Жнец еще немного полежал с закрытыми глазами, балансируя на грани сна и яви и пытаясь понять, что же ему мешает снова уснуть. Какое-то навязчивое чувство на самом краю восприятия, будто легкий, едва различимый зуд где-то внутри. И тут до него дошло: зверски хотелось курить. Когда он вообще в последний раз брал в руки сигареты? И куда дел пачку? Кажется, оставил на стойке, когда Янка промывала ему рану на скуле. Надо бы забрать. И покурить. Смерть с никотиновой зависимостью. Глупее не придумаешь, конечно. Тод облизнул пересохшие губы и не сдержал тихий смешок. Ребра тут же отозвались болью. Правда, уже не такой резкой, как вечером. И мерзкий скрежет костей пропал. Значит Янка его и правда лечила. Какая же она у него умница. Он не удержался и легонько чмокнул ее в макушку. Янка неразборчиво пробормотала что-то во сне.

Можно было и дальше валяться в постели, чувствуя рядом тепло любимой женщины, однако стоило закончить одно неприятное дельце. И чем быстрее, тем лучше. Дельце, которое по силам только ему — Смерти собственной персоной. Единственному и неповторимому Бледному Всаднику. Если он не сделает хотя бы это, то уж точно никогда себя не простит.

Он осторожно встал, бережно переложив Янкину руку на опустевшую подушку. Она тут же вцепилась в него мертвой хваткой.

— Ты куда? — сонно пробормотала его богиня, не открывая глаз. — Не уходи.

— Скоро вернусь, — он погладил ее по голове.

— И только попробуй не вернуться, — Янка разжала пальцы и свернулась калачиком. — Я тебя найду и голову тебе оторву. Про богомолов слыхал?

— Спи, богомолушка, — улыбнулся он. — Никуда я от тебя не денусь.

В баре обнаружился Ян. Слегка помятый и непривычно растрепанный. В мятой рубашке, с кое-как собранными волосами и щетиной на щеках. Похоже, демиург так и не ложился. Неудивительно, что в баре царил бардак, а на двери висела табличка «Закрыто».

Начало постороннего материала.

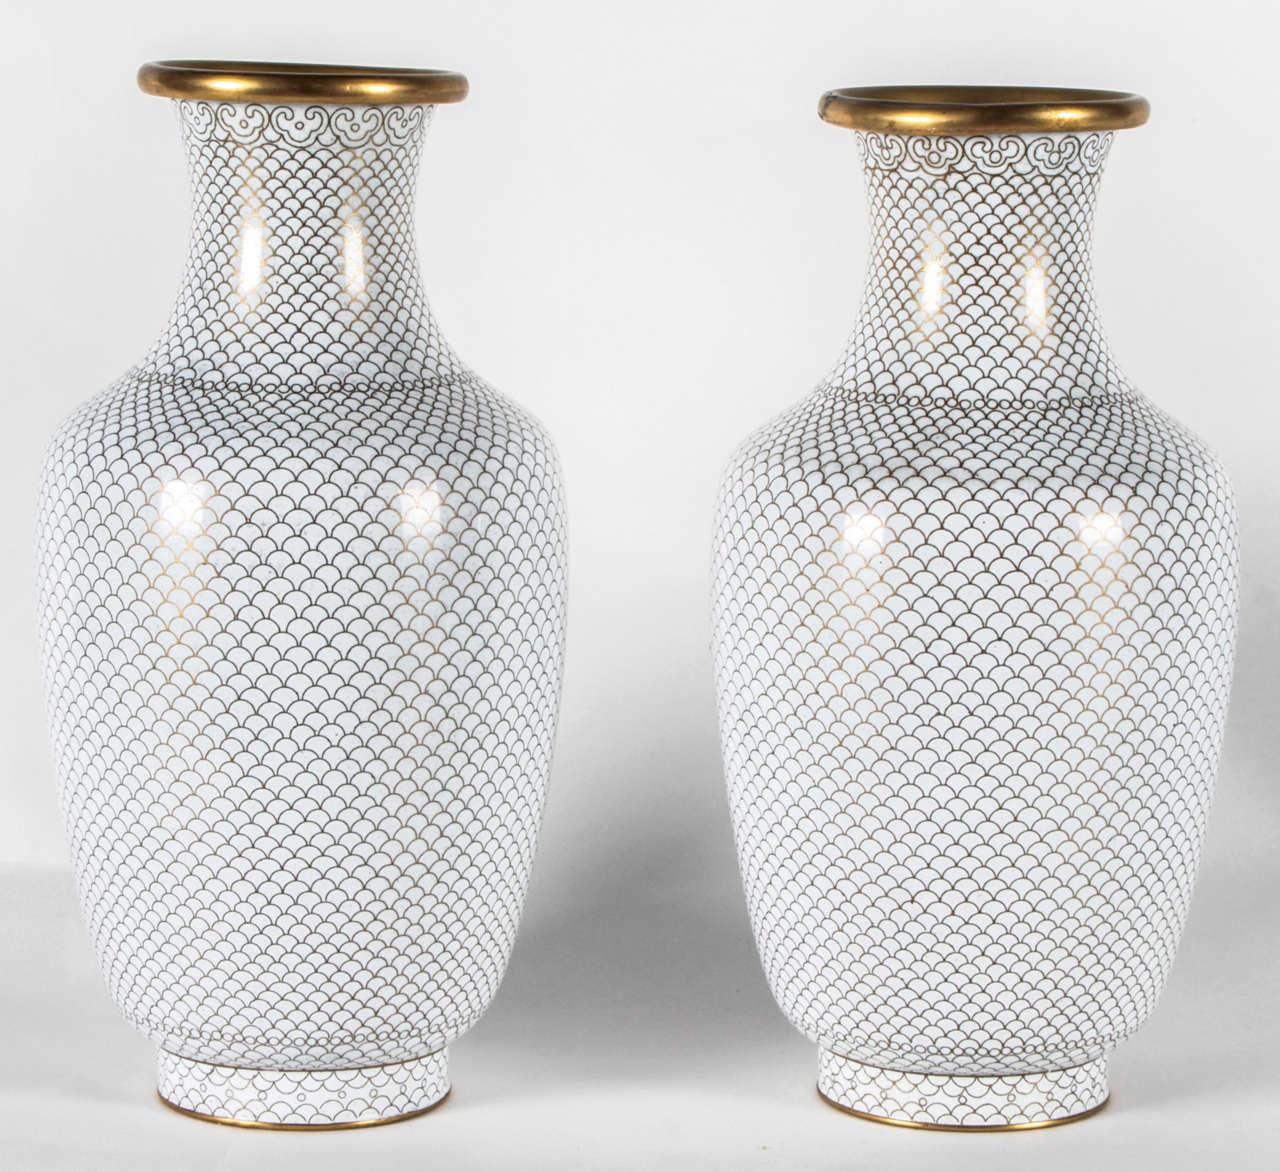 Pair of White Cloisonne Vases 2

— Ты хоть спал вообще? — спросил Тод, обретя вожделенные сигареты и с наслаждением закуривая.

— Подремал пару часов на диване в подсобке. — Ян возился у кофе-машины, забивая свежемолотый кофе в холдер. — Кое-кто занял мою кровать. Кофе хочешь?

— Не откажусь. Можно просто двойной эспрессо без изысков, — он докурил и сразу же достал вторую сигарету. — Извини, что отобрал у тебя койко-место.

— Извинения приняты, — Ян поставил перед ним чашечку с дымящейся черной жижей. — Хотя я бы все равно не стал спать в одной постели с Яной. Если честно, я думал, вы только к вечеру соизволите проснуться. Ты куда намылился в такую рань?

— Пообщаться с семьей, — он залпом проглотил кофе и в пыль растер в пепельнице окурок. — Нужно прояснить наши взаимоотношения раз и навсегда.

— И ты пойдешь к ним один? — Ян недоверчиво поднял бровь. — Тебе прошлого раза не хватило?

— Без моего согласия они мне ничего не сделают. Как минимум, я на это надеюсь. В любом случае, нужно хотя бы попробовать, иначе я окончательно в себе разочаруюсь. Я и так наворотил дел, за которые меня стоило бы не кофе поить, а прибить медленно и мучительно.

— Как сказал один наш знакомый заклинатель духов, к сожалению уже покойный, мы все совершаем ошибки, о которых потом жалеем всю жизнь. Не ты первый, не ты последний. Так что не смей себя грызть и не вздумай решить, что не достоин Яны. Оставь это право за ней.

— Значит Шаман мертв, — Тод покрутил в пальцах незажженную третью сигарету. — Жаль. Что случилось?

Ему и правда было жаль старика. Жнец помнил Шамана еще совсем юным. Как и его учителя и тех, кто был до него. Все шаманы старались дружить с высшими силами, а один не в меру дружелюбный подсадил Тода на иглу лет триста назад. Все они были его клиентами. Кроме этого. Интересно, на что старик променял тихую смерть во сне?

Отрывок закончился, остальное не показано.